Your reply is to be the lines below, exactly as written, with images omitted.

**DATA EXTRACT**
——————————
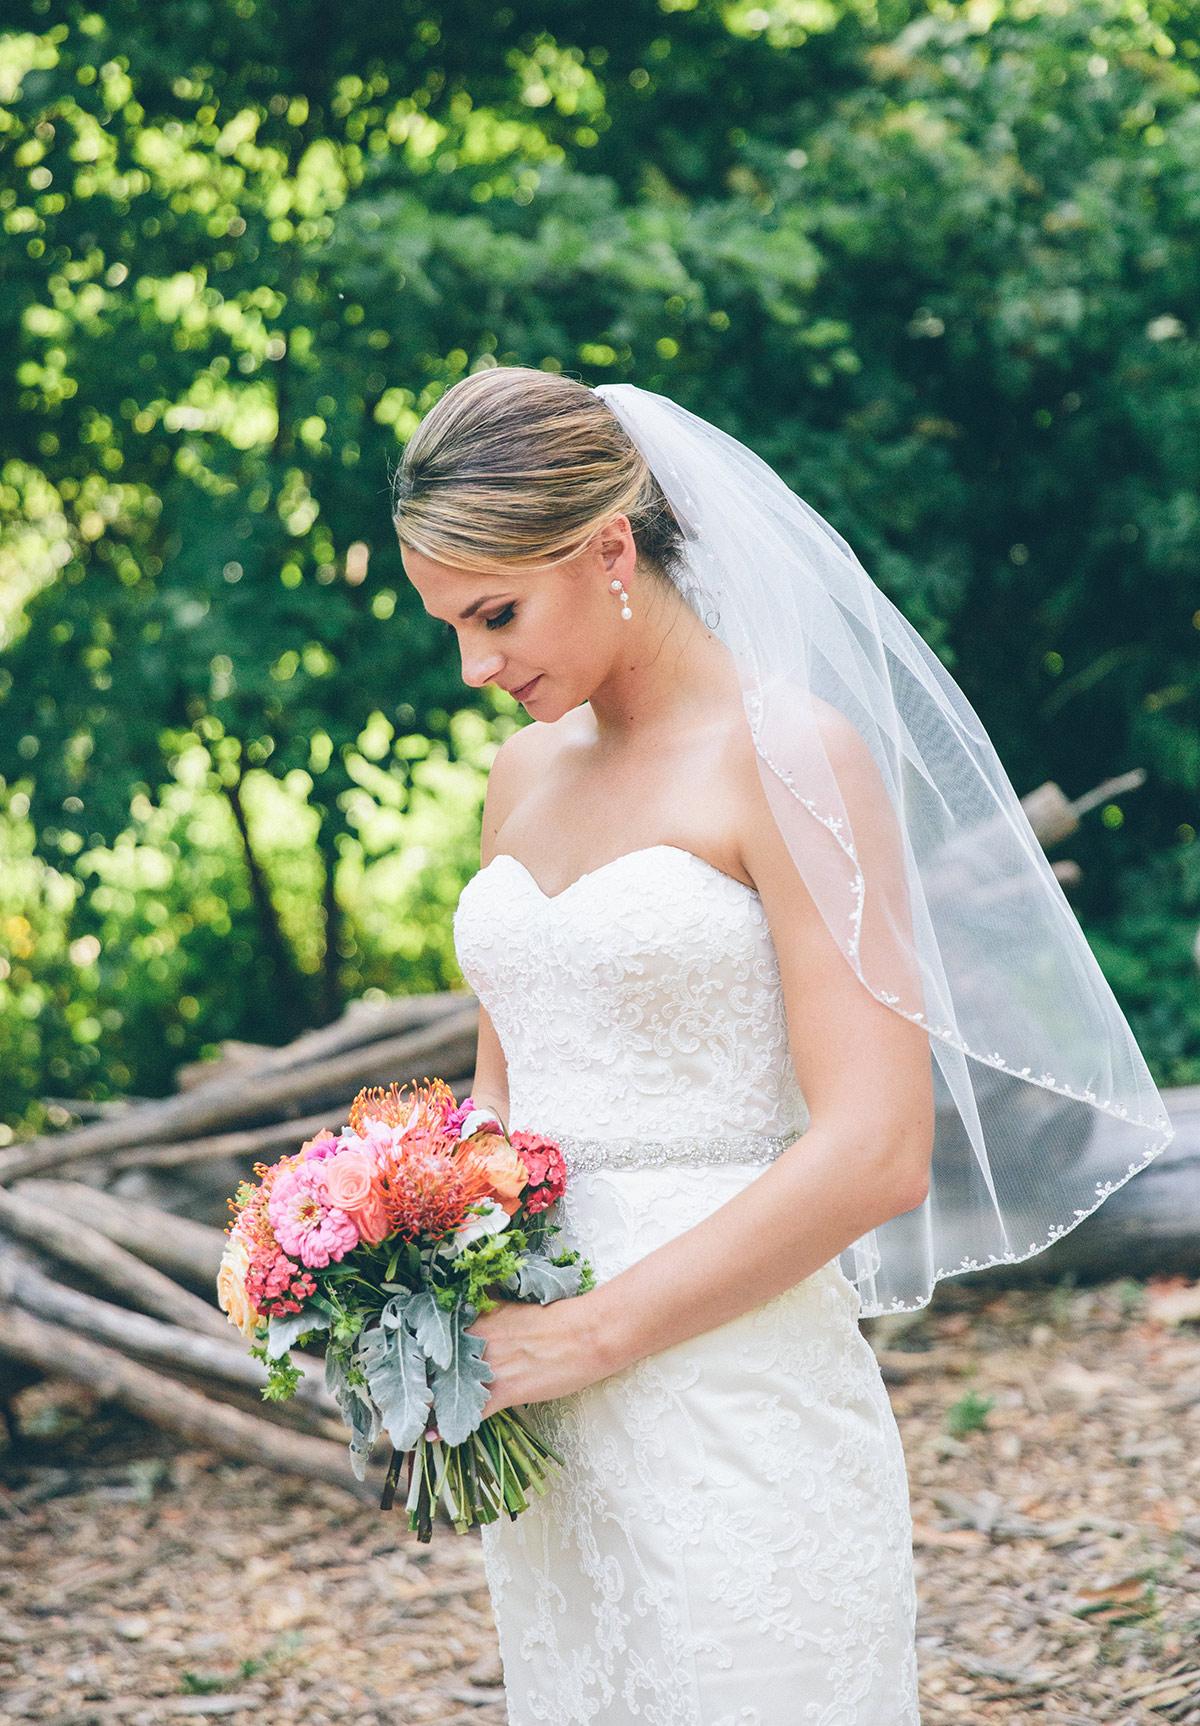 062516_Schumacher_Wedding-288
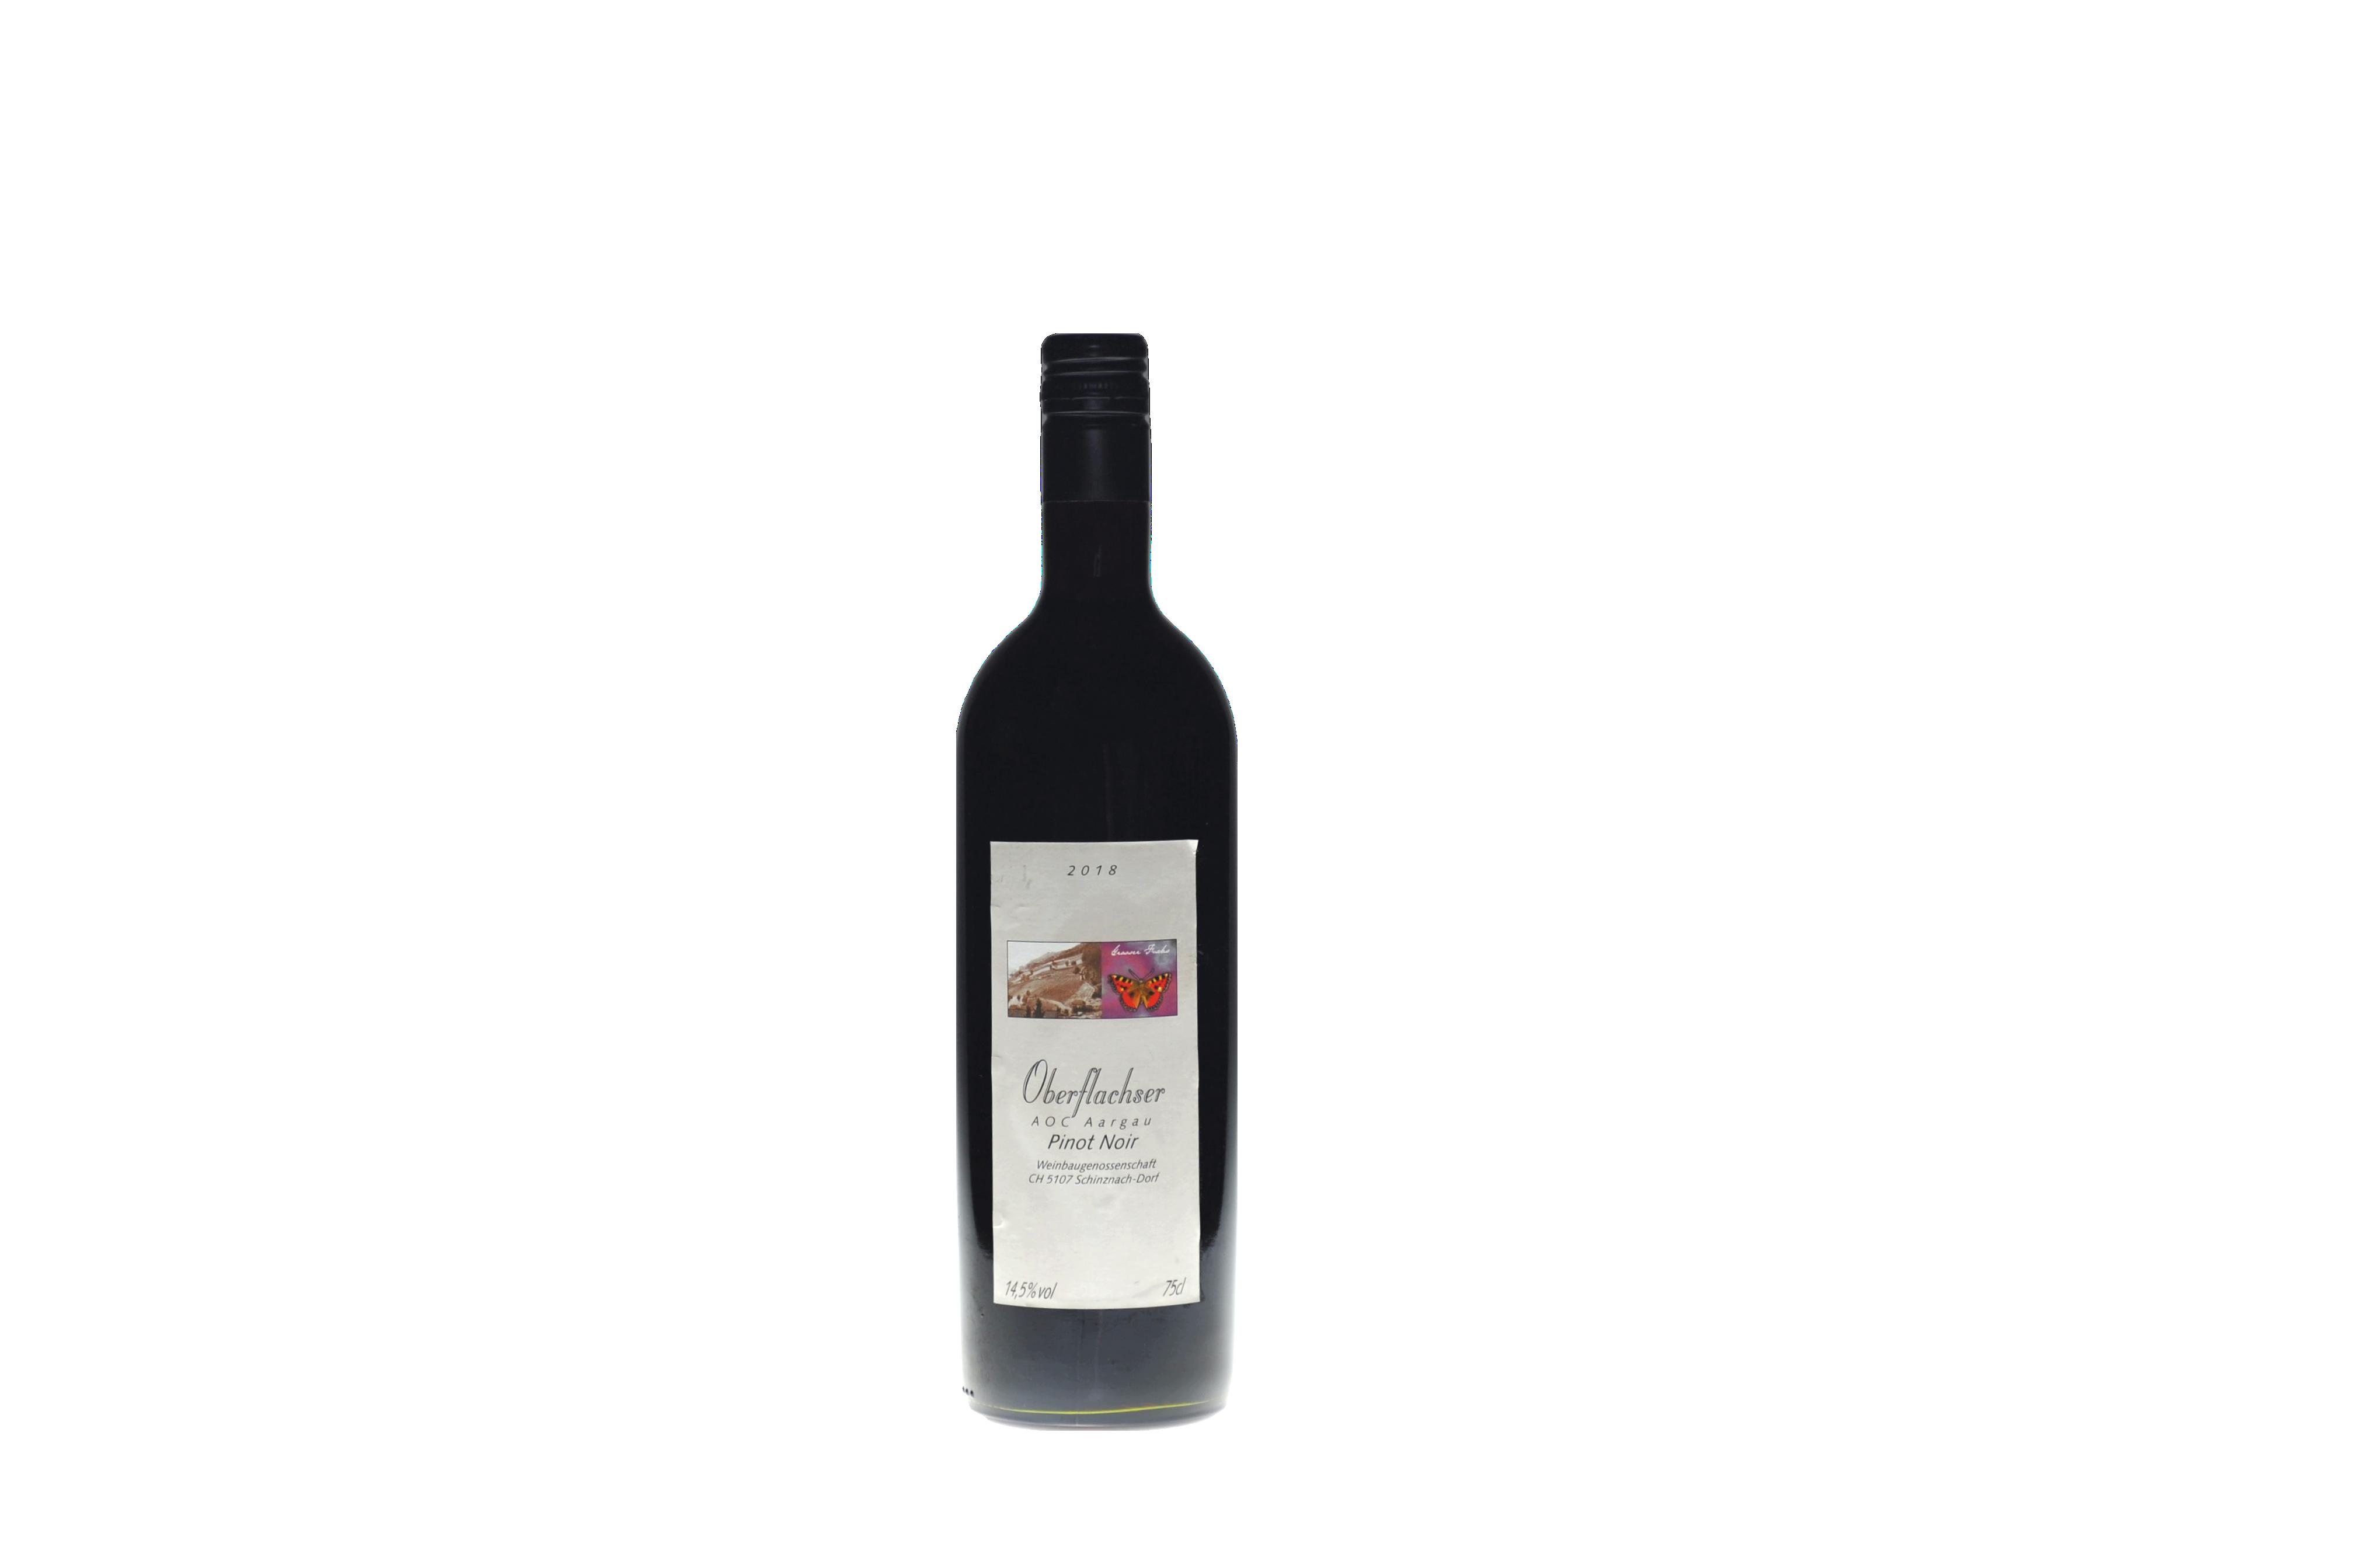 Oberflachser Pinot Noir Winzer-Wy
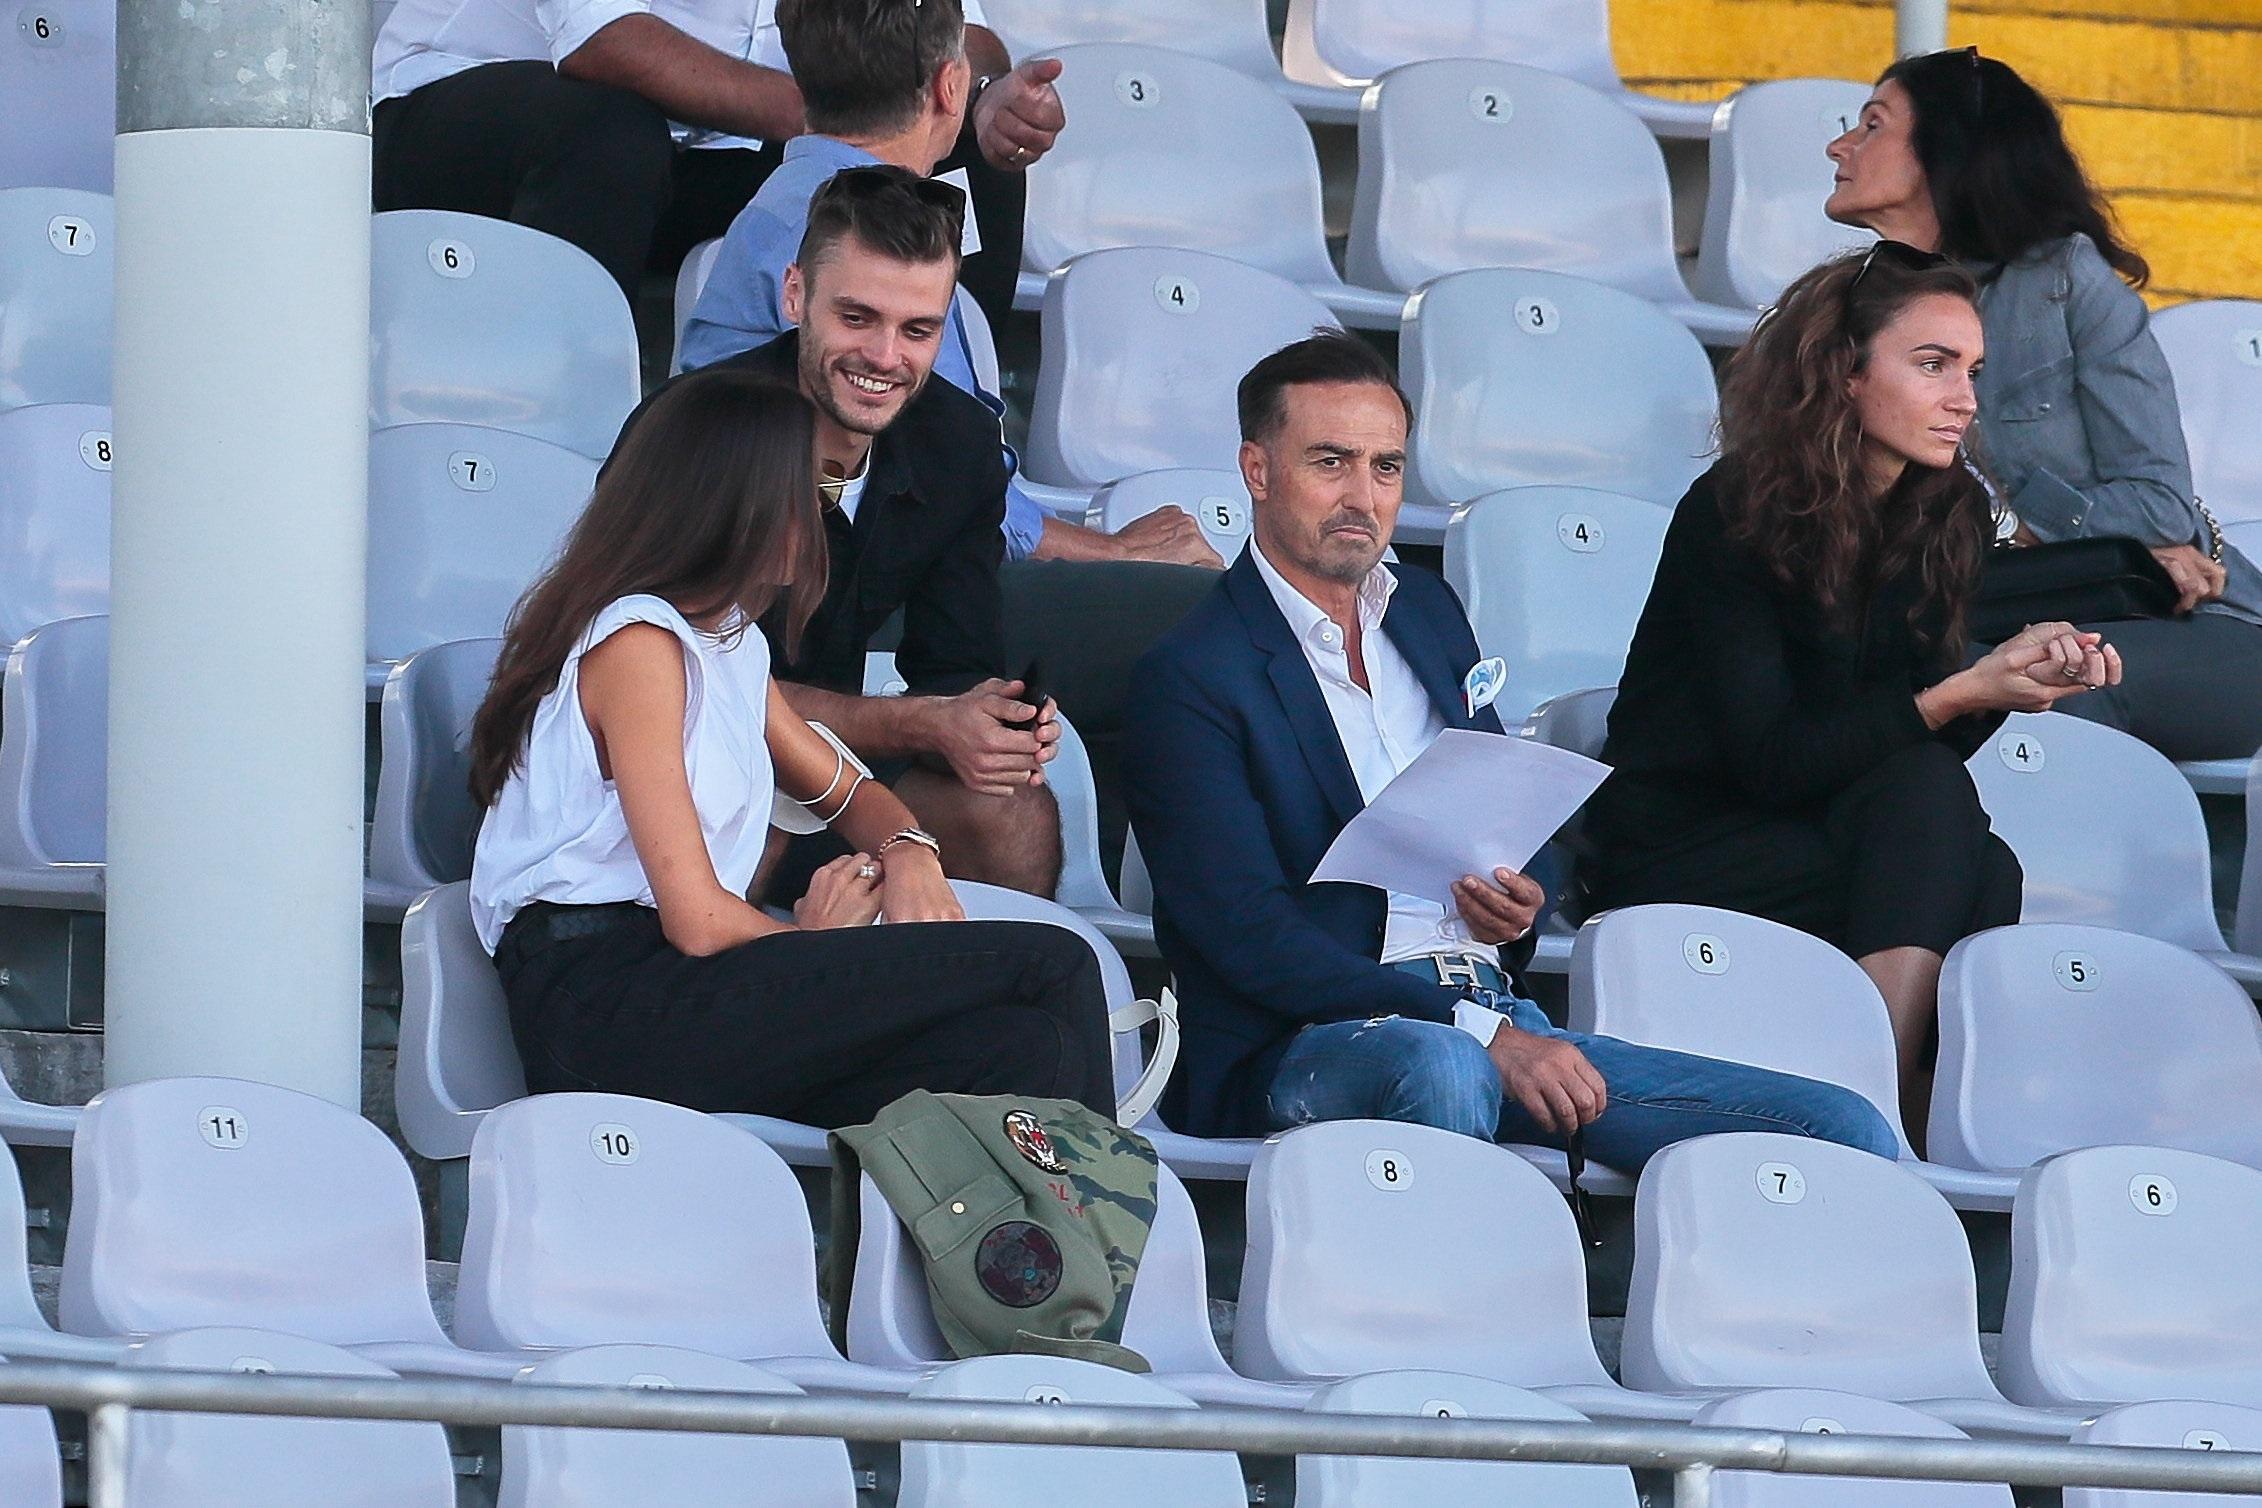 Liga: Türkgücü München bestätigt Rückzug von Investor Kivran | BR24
——————————
**ANSWER SECTION**
 062516_Schumacher_Wedding-288
 Oberflachser Pinot Noir Winzer-Wy
 Liga: Türkgücü München bestätigt Rückzug von Investor Kivran | BR24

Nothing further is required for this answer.